I think this is one reason why we still need monasteries today. I have this theory that England was converted to Christianity through the missionary model of monasteries. Monks would live in community and then go out from the monastery on missionary journeys, returning afterward back to the monastery. Monasteries were, and still are, hubs of prayer, worship, hospitality, healing, ministry, and mission. Coming to a monastery is like being drawn to a blazing fire and getting warm, then being sent out. People need that exposure to intensity, to a real passionate experience of the life of faith in order for them to go out in mission and service in the name of Christ.

I think that we’re coming into a time now where the world is going to need to be reconverted, and that can happen only through places that are vibrant centers of prayer, worship, hospitality, healing, ministry, and mission. And again, it’s not that a parish can’t be – or parishes aren’t – that sort of blazing fire. They can be and are. But for me, it was the desire for more intensity that drew me to test my vocation at SSJE. And it’s what continues to draw people to places like SSJE; it’s what makes monasteries – and vibrant parishes – essential to the life of the church today.

What’s been the most rewarding thing for you about living this vocation?

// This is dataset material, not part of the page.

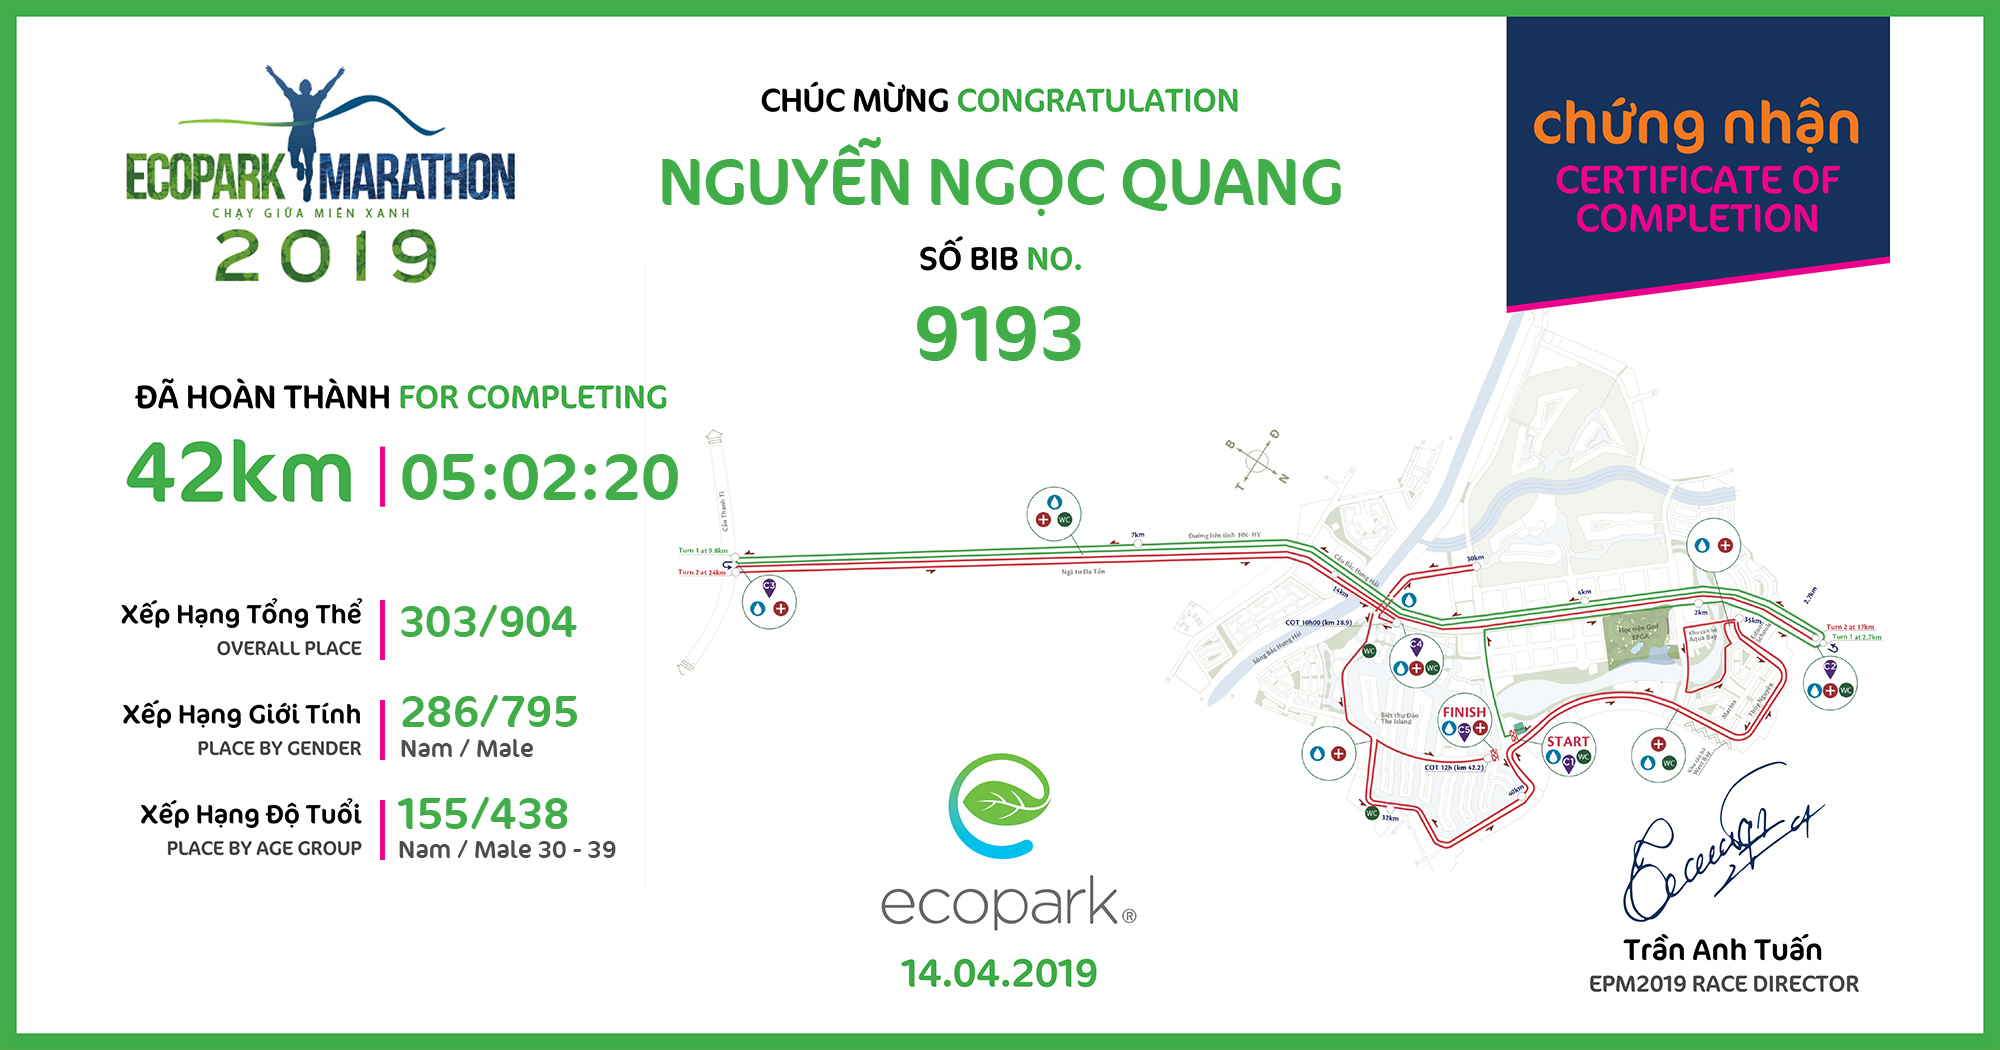 9193 - Nguyễn Ngọc Quang

God always surprises me. I’m constantly being surprised by God in what I’m asked to do, what I learn I can do, and the opportunities I have. Take an opportunity like the one I had a few years back, to be the Holy Week speaker at Canterbury Cathedral, where I preached on Good Friday to the Archbishop. That is something I never could have imagined doing as rector of a parish, and probably would never have been asked to do if I’d stayed in that role. But in this life, I find I’m constantly surprised by the things I have the privilege of doing, and all the things that I discover I can do. While perhaps I may not be the very best treasurer, I filled that role in the community, and we didn’t go bankrupt. I never in my whole life dreamed that one day I’d be driving a tractor, and yet that’s now the highlight of many of my days at Emery House. Monastic life has a lot of routine to it, just like the church year does, and yet I also experience this life as constantly full of surprises.

What would you say to someone still struggling to find his or her vocation? 

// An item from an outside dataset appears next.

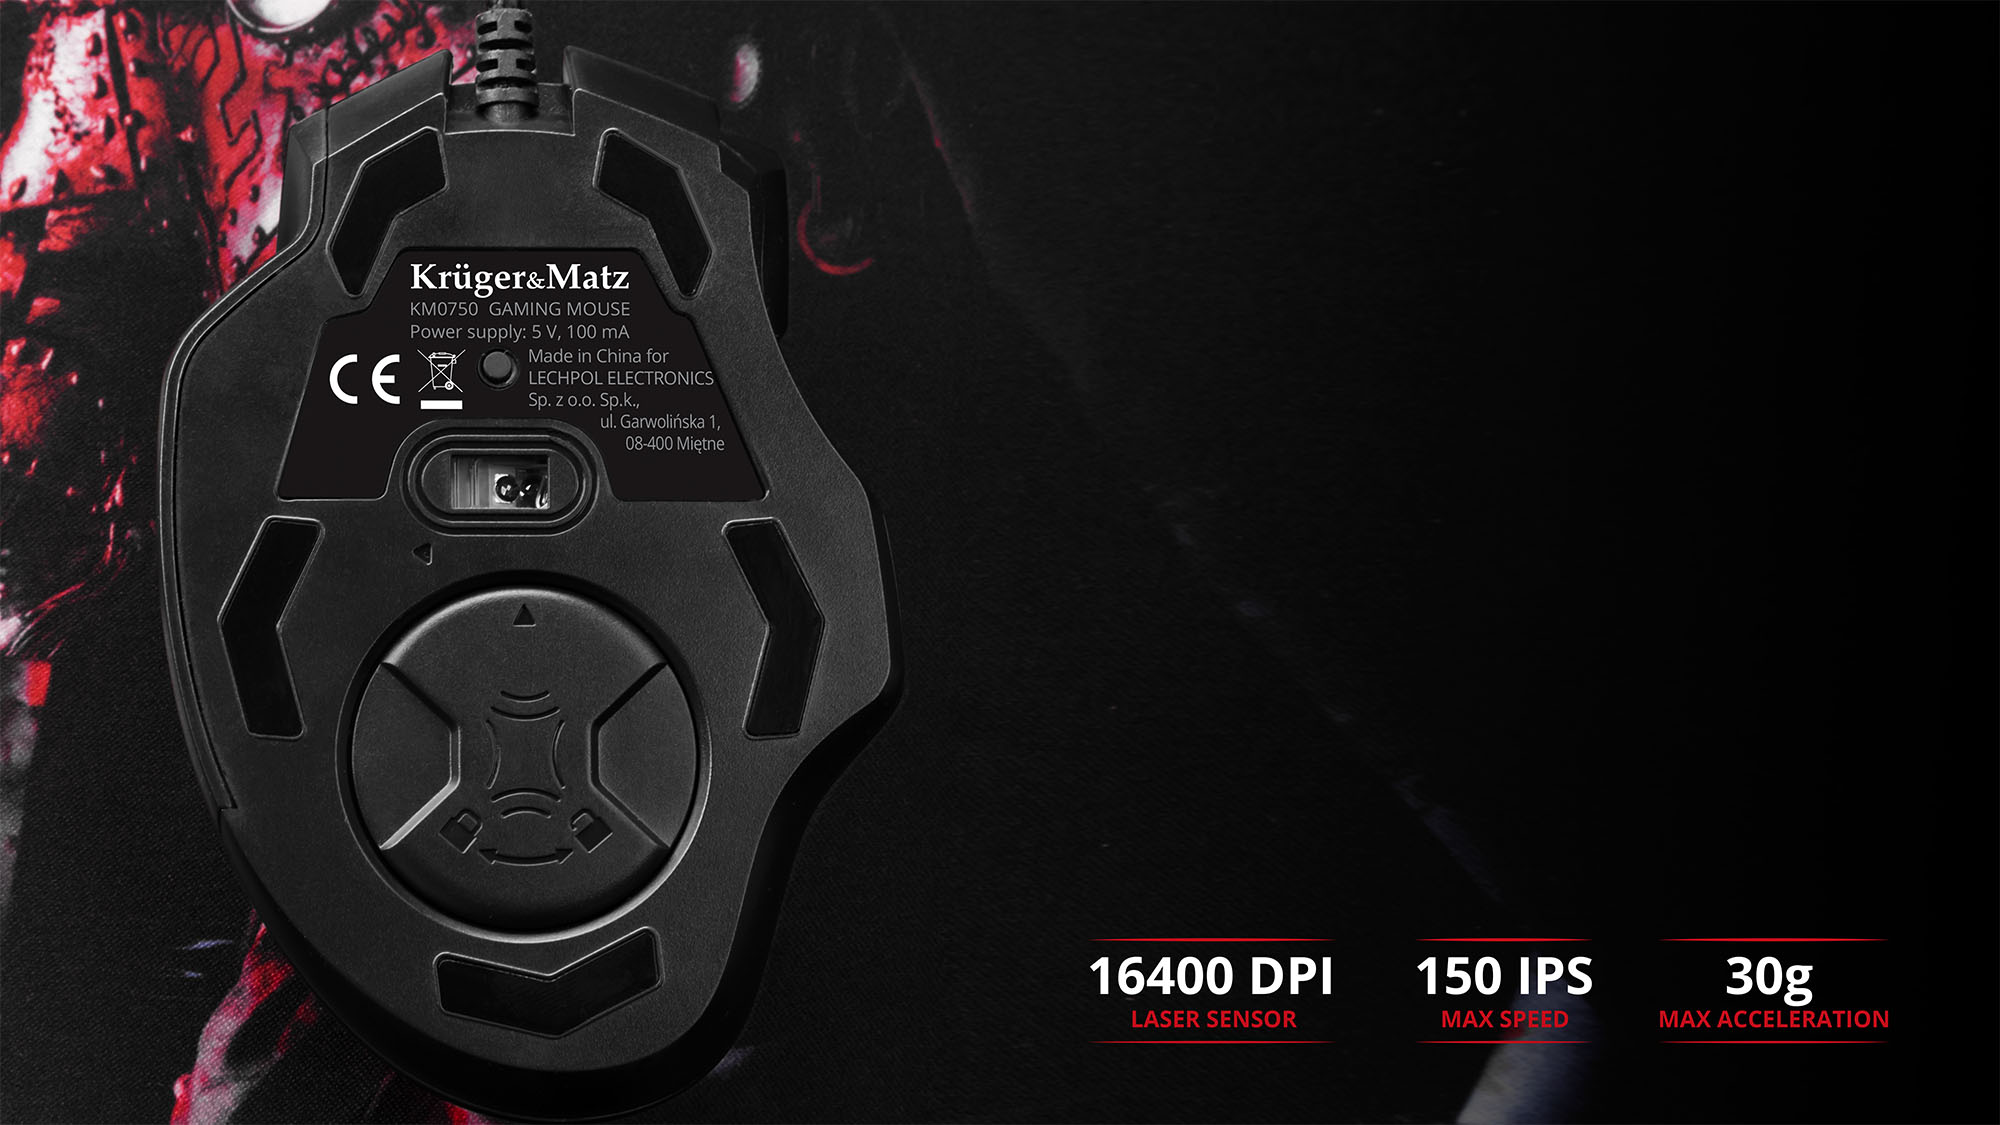  GM-50 este un mouse cu laser performant ce iti permite sa ai control complet asupra jocului. Datorita senzorului optic de inalta rezolutie - 16400 DPI, ai sansa sa iti domini oponentul prin viteza si precizie!

There’s a passage I’ve been going back to over and over again this last little while, Galatians 5:22-23: “The fruit of the Spirit is love, joy, peace, patience, kindness, generosity, faithfulness, gentleness, and self-control.” This for me is the definition of a vocation. I would say that when you find love, joy, peace, patience, kindness, generosity, faithfulness, gentleness, and self-control, then you’ve found your vocation. If you’re always angry, frustrated, or bitter at work or in your relationship, then you’re obviously not in the right place. But I do believe that everybody has a place, or a person, or a community where they can find “love, joy, peace, patience, kindness, generosity, faithfulness, gentleness, and self-control.” Everybody has a vocation to some work, some relationship, some place.

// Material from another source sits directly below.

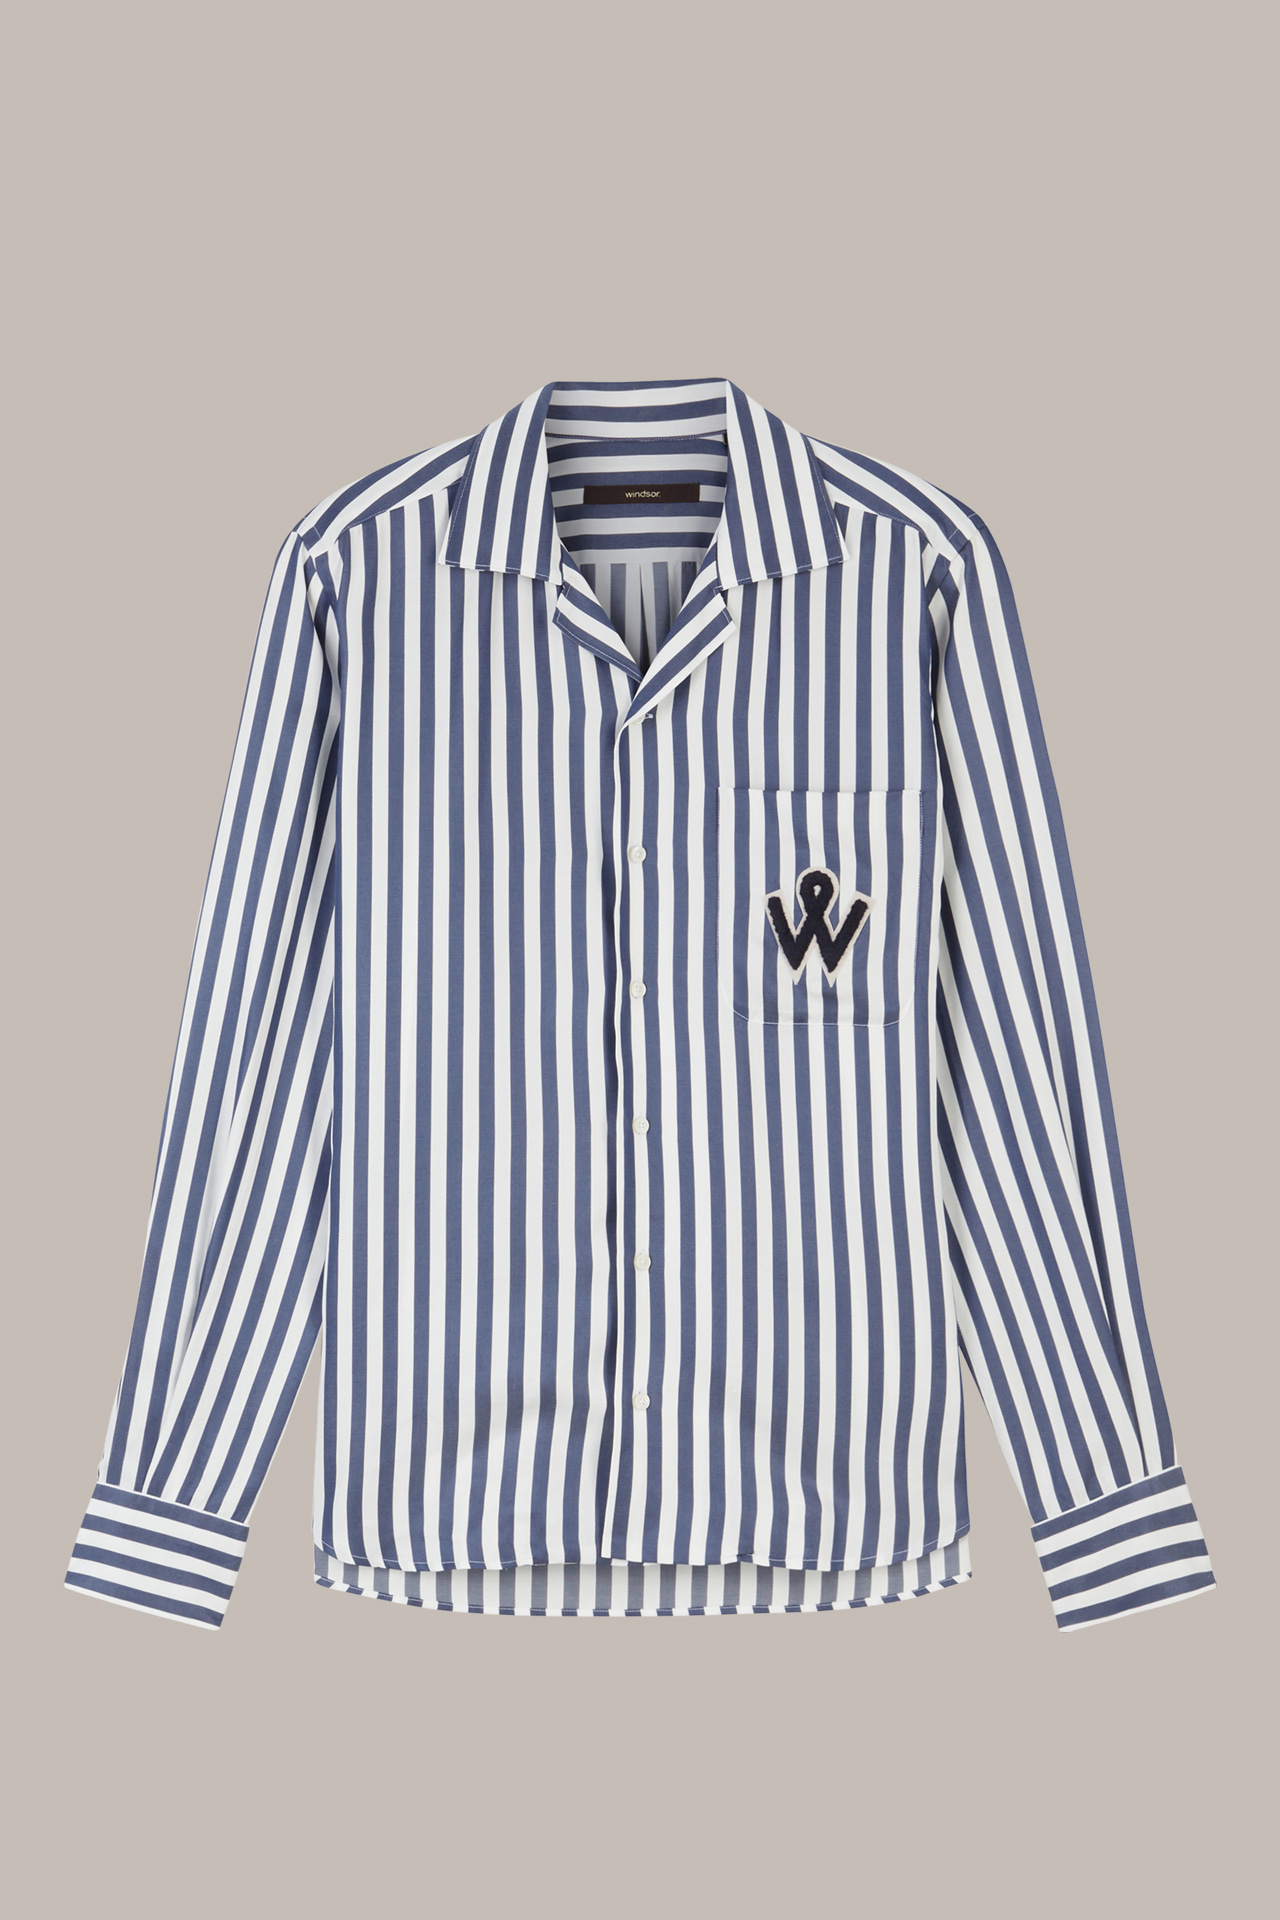 Unisex lyocell pyjama shirt in navy stripes

And to someone still wondering about his or her vocation, I would say: take the chance to check it out. I remember, just after I announced that I would be coming to the Monastery, a friend of mine said to me, “Oh James. I once thought I had a vocation to the religious life.” But he never did anything about it, and he always wondered if he should have given it a try. I knew that I didn’t want to look at myself in the mirror in fifty years and say, “I should have tried.” You may discover your answer after a weekend, or a week, or after six months, or even two years. But I think that if you’re curious and you think there’s a vocation toward which God is leading you, nudging you, encouraging you and pushing you, then a weekend or a week, or even a year out of your life, is worth it to check it out. Because that could be the place of love, joy, peace, patience, kindness, generosity, faithfulness, gentleness, and self-control for you.